PREDICT96-ALI supports robust viral replication across multiple donors, as measured by three independent readout assays (RT-qPCR, plaque assay and immunofluorescence microscopy). For sample sets assayed by two or all three of these readouts, there was good agreement in data trends between assays. Viral copy numbers, measured by RT-qPCR, were comparable to prior reports in other in vitro primary airway models and in vivo clinical specimens (sputum, swab) from patients with active virus replication in tissues of the upper respiratory tract [40,42]. Similarly, infectious titer is comparable to prior reports in other in vitro primary airway models [13,16], further validating the model’s capacity to support SARS-CoV-2 replication. Although there are a small number of publications showcasing the use of human lung-on-chip platforms for modeling native SARS-CoV-2 infection (all comprising alveolar tissue), PREDICT96-ALI is the only organ-on-chip platform reported to successfully demonstrate robust viral replication in a human primary cell-based model of the tracheobronchial airway.

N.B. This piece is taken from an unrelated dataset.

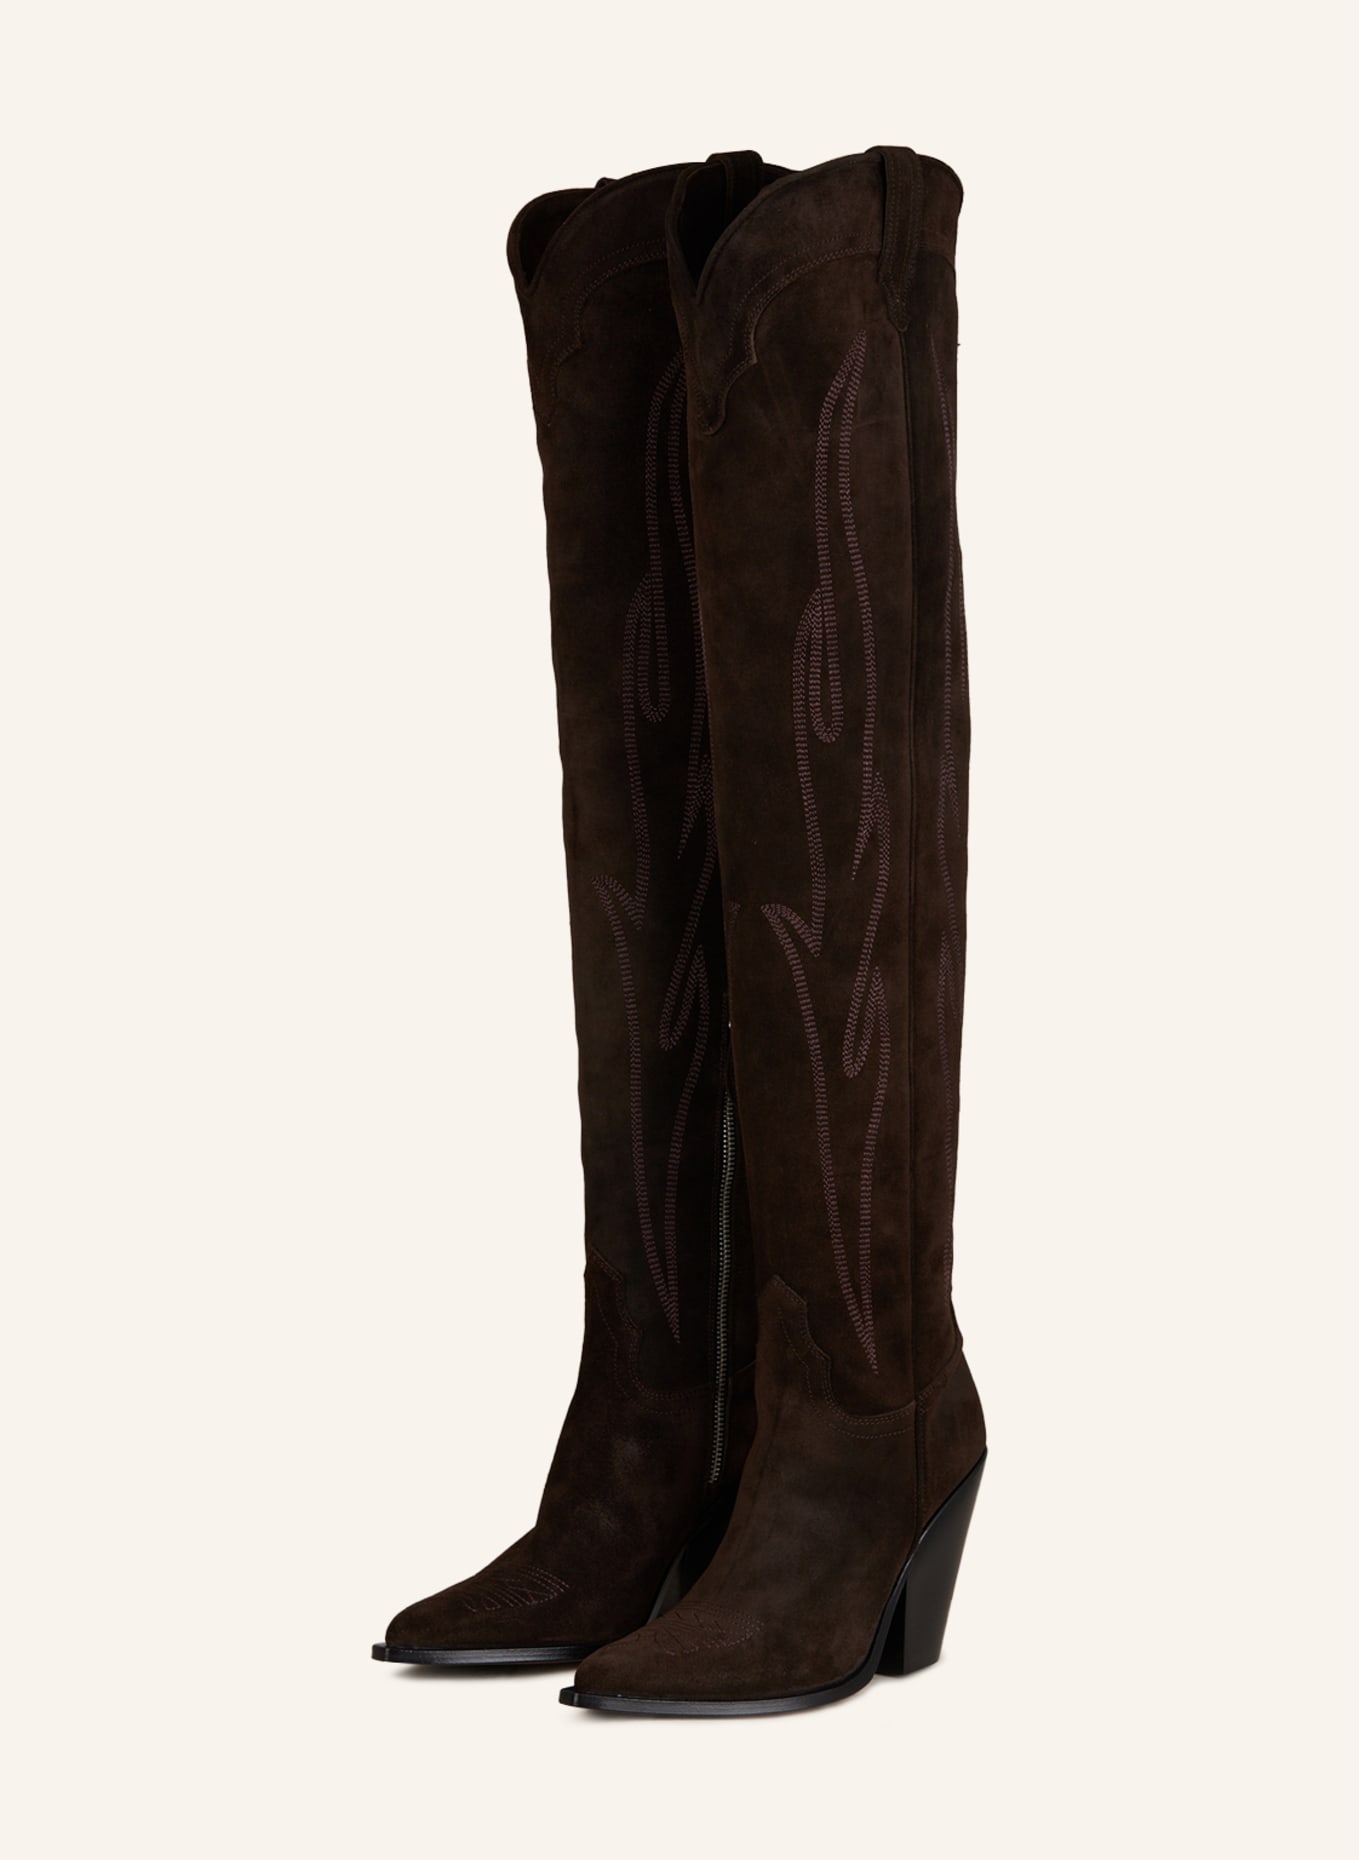 SONORA Overknee-Stiefel HERMOSA, Farbe: DUNKELBRAUN (Bild 1)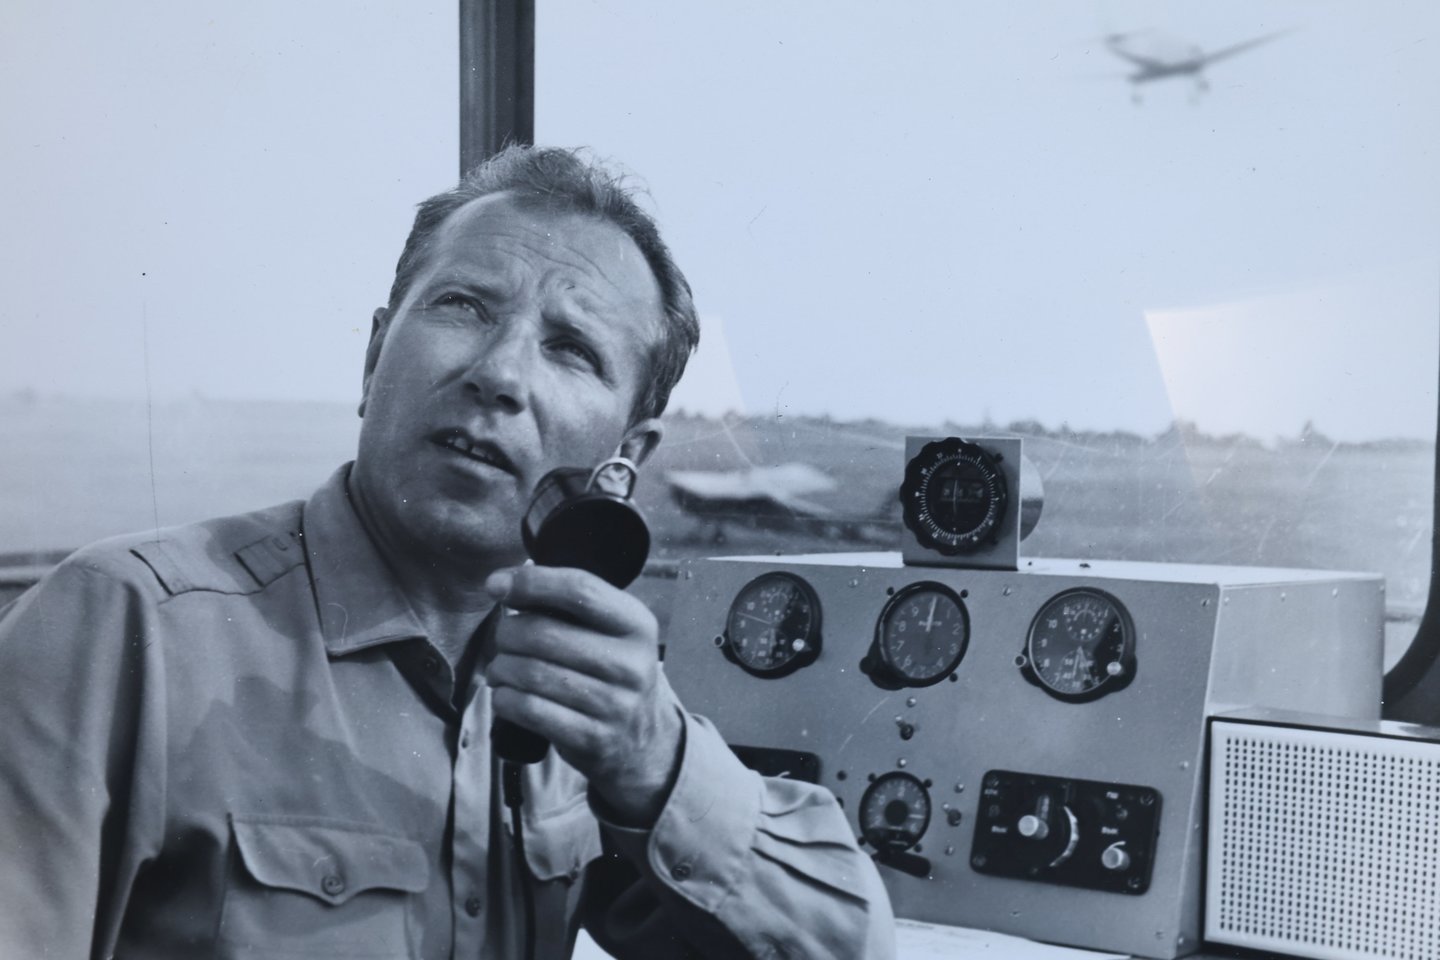  Vilniaus aeroklubo viršininkas Z.Polinauskas įamžintas 1972 metais komandiniame punkte palaikantis ryšį su lėktuvais.<br> R.Danisevičiaus ir asmeninio archyvo nuotr. 

The isolation of human airway epithelial cells from living donors creates a pathway to study specific patient subpopulations of interest and characterize variability in SARS-CoV-2 infection and antiviral therapies. Even among a small number of donors, we observed variable expression levels of key lung cell markers (Figure 2) and variable infectability (Figure 3) which enables a future opportunity to investigate mechanistic insights within donor-to-donor variability. Furthermore, having demonstrated the ease of integrating multiple donor tissues and given its high-throughput nature, the model is positioned to accommodate larger suites of tissues to cover a broad range of physiologies.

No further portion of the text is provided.